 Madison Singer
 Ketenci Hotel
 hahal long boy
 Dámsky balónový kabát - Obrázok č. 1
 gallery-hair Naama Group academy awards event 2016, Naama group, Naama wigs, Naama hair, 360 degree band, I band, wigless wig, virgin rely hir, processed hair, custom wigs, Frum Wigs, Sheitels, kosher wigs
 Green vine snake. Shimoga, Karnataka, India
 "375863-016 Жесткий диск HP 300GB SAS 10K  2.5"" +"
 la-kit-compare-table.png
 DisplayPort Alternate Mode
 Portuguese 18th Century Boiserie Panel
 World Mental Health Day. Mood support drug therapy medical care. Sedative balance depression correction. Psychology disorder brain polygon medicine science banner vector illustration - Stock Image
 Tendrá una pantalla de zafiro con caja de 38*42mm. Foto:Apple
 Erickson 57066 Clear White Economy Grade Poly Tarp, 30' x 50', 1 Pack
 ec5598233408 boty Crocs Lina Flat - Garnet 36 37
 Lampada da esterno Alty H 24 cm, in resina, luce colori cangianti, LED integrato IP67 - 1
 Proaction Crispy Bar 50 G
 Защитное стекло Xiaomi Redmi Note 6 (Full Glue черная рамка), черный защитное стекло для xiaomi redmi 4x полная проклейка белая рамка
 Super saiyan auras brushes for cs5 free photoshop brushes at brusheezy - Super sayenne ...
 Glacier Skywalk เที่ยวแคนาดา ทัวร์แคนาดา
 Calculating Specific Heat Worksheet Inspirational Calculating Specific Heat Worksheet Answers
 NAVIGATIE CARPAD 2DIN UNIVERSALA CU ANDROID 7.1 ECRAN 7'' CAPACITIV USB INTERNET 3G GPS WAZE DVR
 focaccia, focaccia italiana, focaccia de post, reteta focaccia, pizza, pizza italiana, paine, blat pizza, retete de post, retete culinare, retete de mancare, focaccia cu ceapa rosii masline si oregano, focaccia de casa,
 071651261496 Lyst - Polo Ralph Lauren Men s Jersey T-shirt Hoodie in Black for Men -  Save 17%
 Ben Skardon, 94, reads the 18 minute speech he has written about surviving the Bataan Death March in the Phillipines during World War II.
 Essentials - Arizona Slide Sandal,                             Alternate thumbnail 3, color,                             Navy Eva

···

▶ _What you will do_
Look above for the line that contains "Erickson 57066 Clear". Starting there, transcribe every line exactly until you have copied the line that contains "Calculating Specific Heat Worksheet Inspirational".

▶ _Answer box_
 Erickson 57066 Clear White Economy Grade Poly Tarp, 30' x 50', 1 Pack
 ec5598233408 boty Crocs Lina Flat - Garnet 36 37
 Lampada da esterno Alty H 24 cm, in resina, luce colori cangianti, LED integrato IP67 - 1
 Proaction Crispy Bar 50 G
 Защитное стекло Xiaomi Redmi Note 6 (Full Glue черная рамка), черный защитное стекло для xiaomi redmi 4x полная проклейка белая рамка
 Super saiyan auras brushes for cs5 free photoshop brushes at brusheezy - Super sayenne ...
 Glacier Skywalk เที่ยวแคนาดา ทัวร์แคนาดา
 Calculating Specific Heat Worksheet Inspirational Calculating Specific Heat Worksheet Answers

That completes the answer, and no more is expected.